▶ [DIRECTIONS]
Only the lines from the one containing "Maui Hawaii Maps - Travel Road Map" through the final line below belong in the output, copied exactly and without pictures.

▶ [COLLECTED DATA]

· · ·

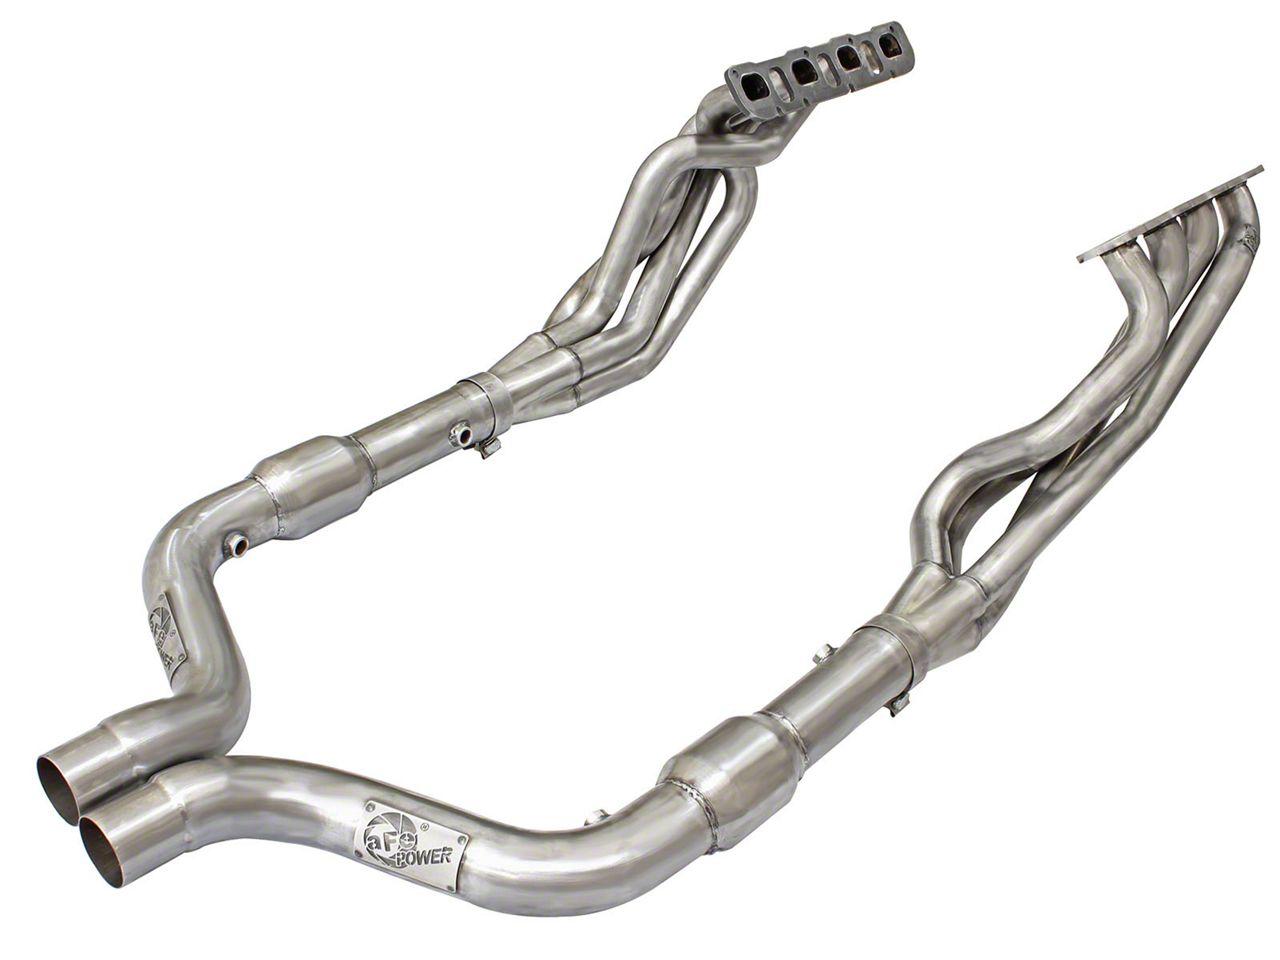 AFE 1-7/8 in. Twisted Steel Long Tube Headers & Catted Mid-Pipe - Street Series (15-18 6.2L HEMI, 6.4L HEMI)
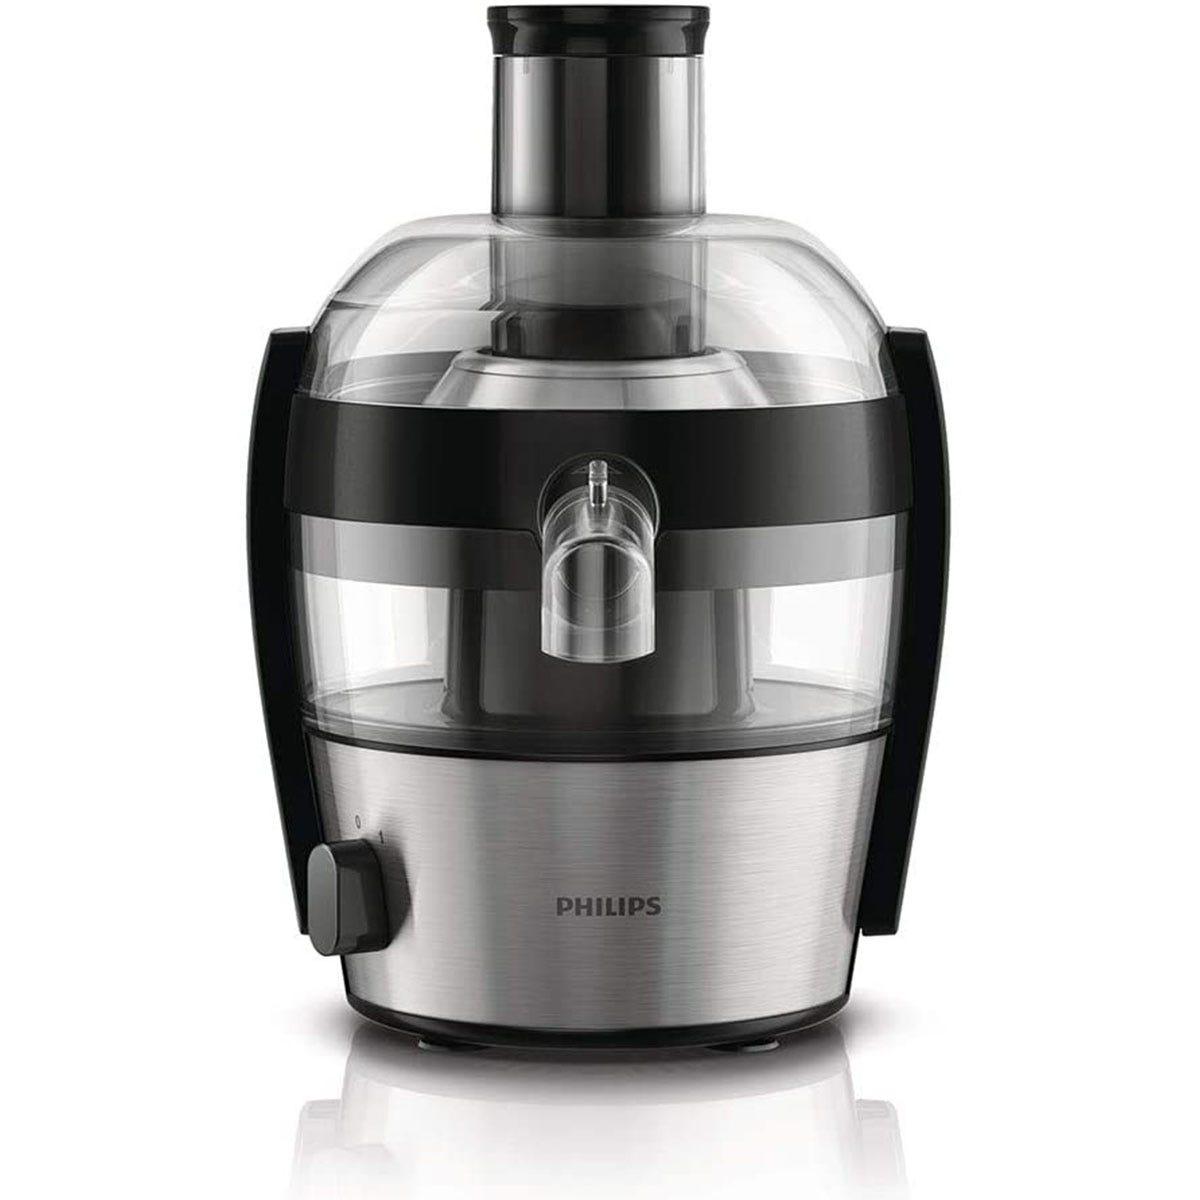 Philips HR1836/01 Viva Compact Juicer - Grey
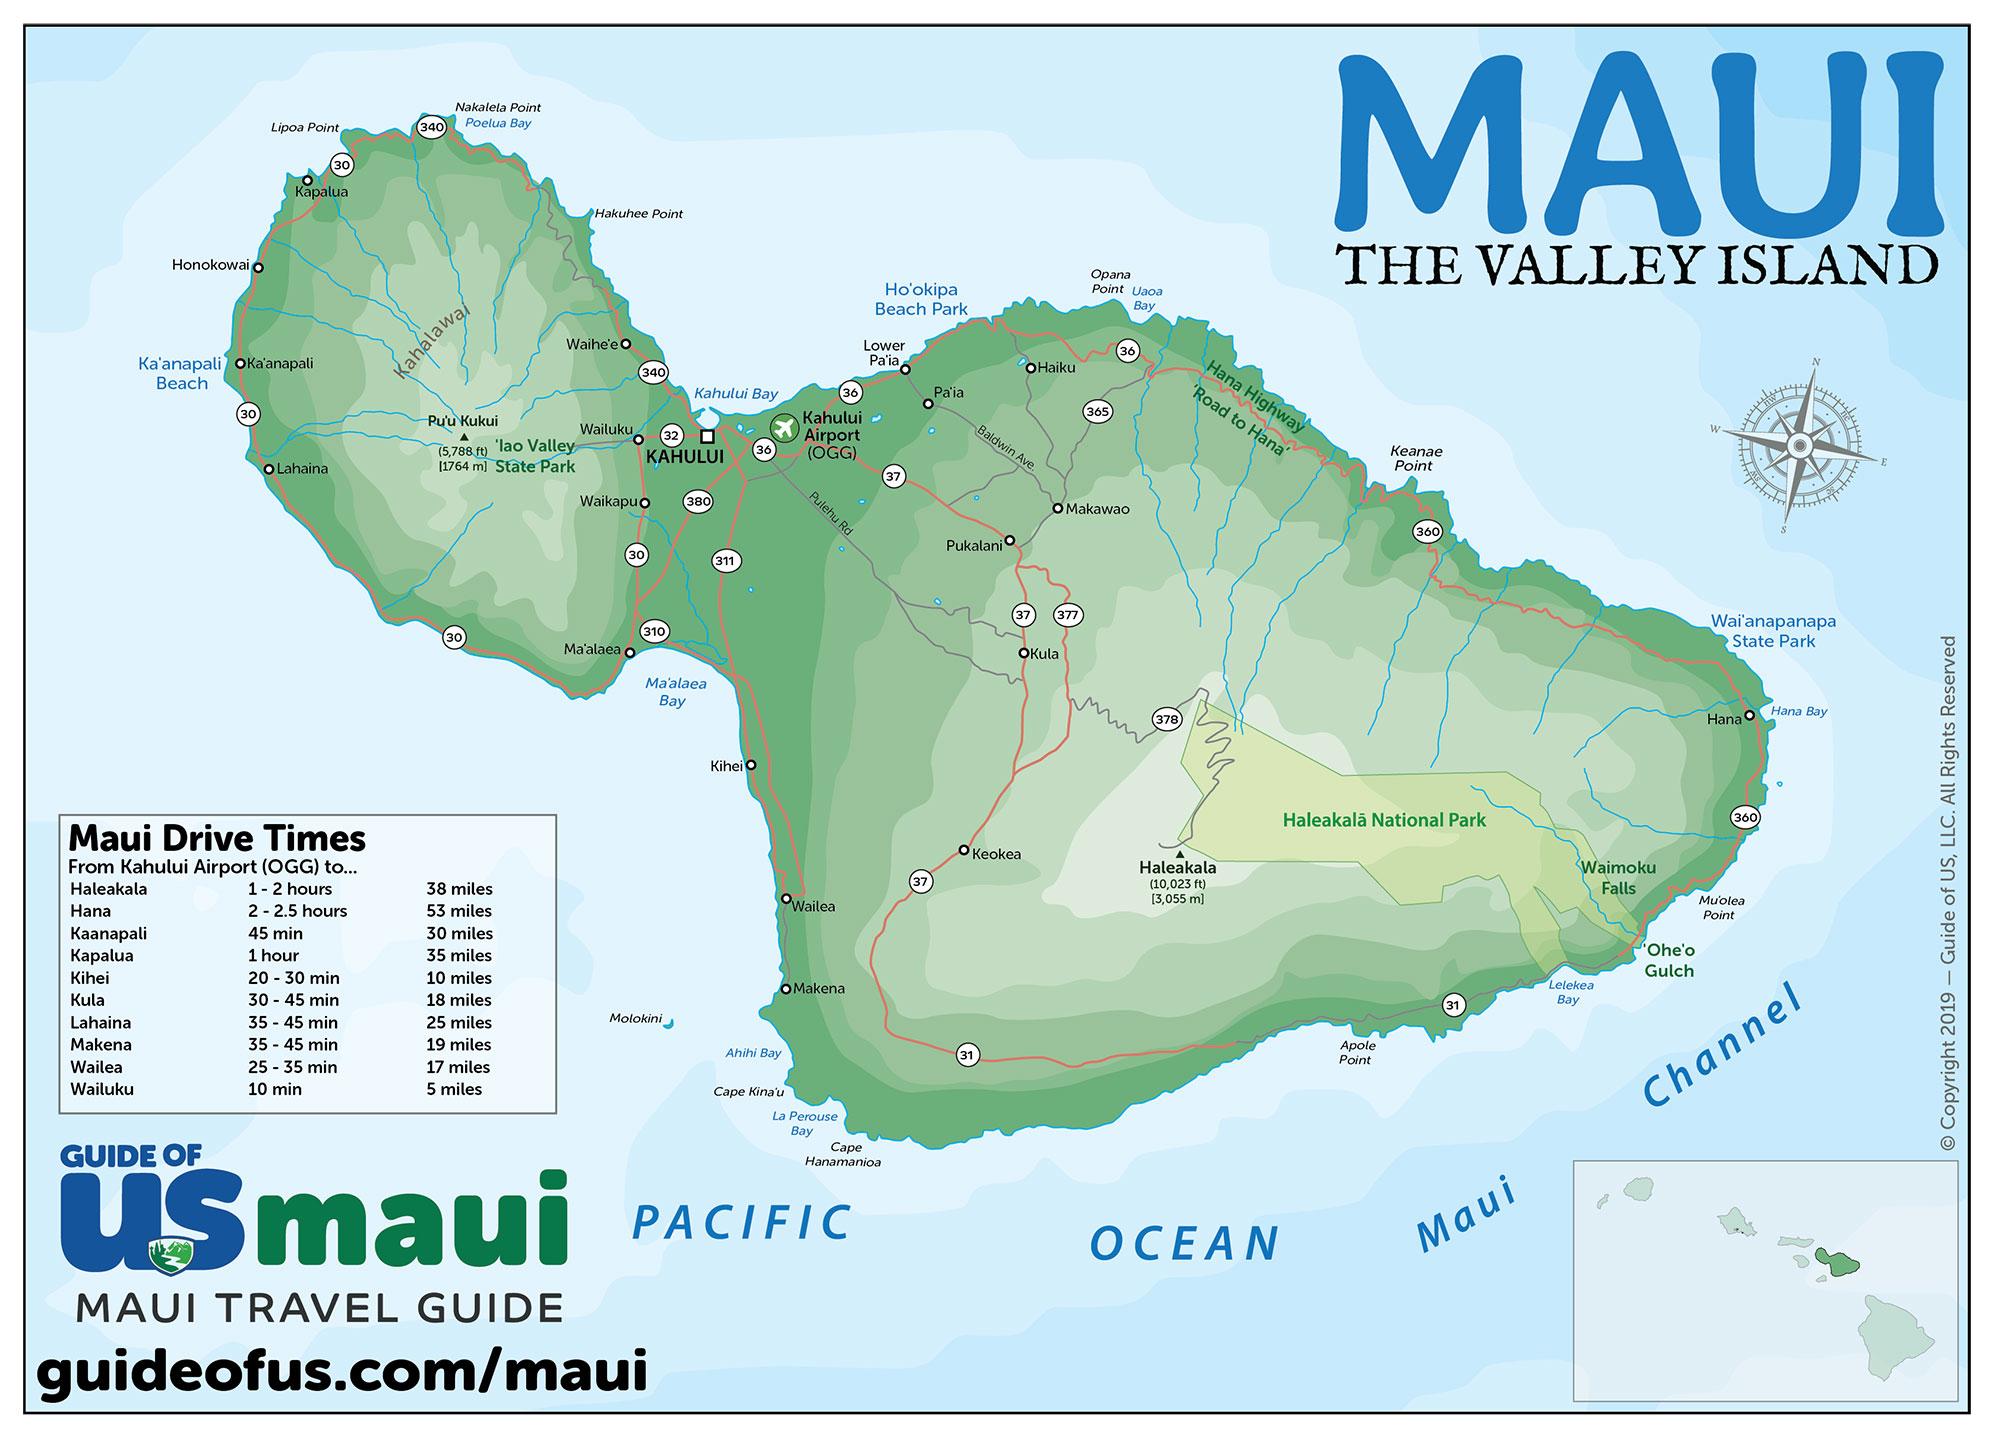 Maui Hawaii Maps - Travel Road Map
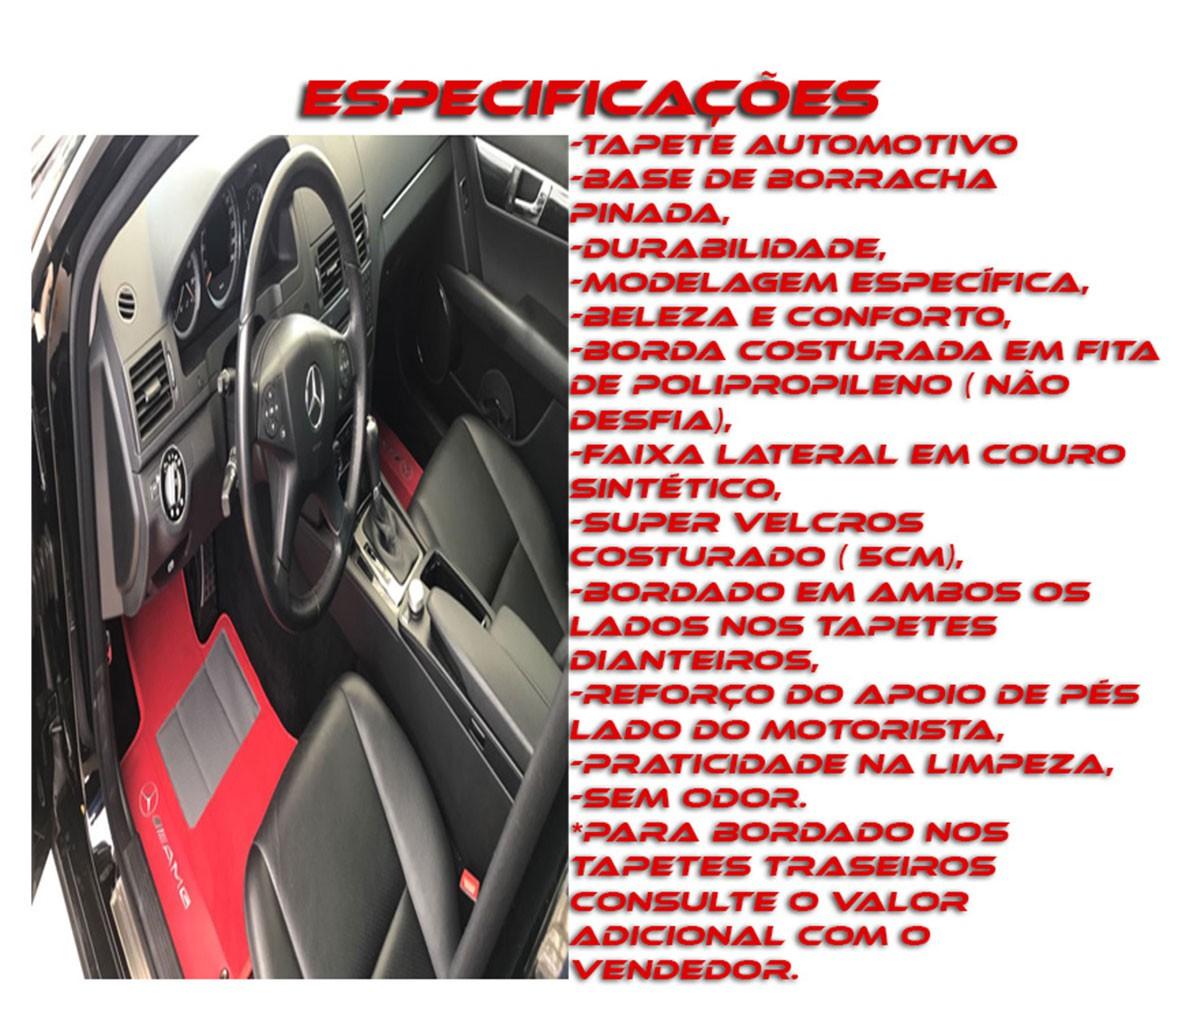 Tapete Audi A6 Carpete Premium  Base Pinada

· · ·

▶ [EXPECTED ANSWER]
 Maui Hawaii Maps - Travel Road Map
 Tapete Audi A6 Carpete Premium  Base Pinada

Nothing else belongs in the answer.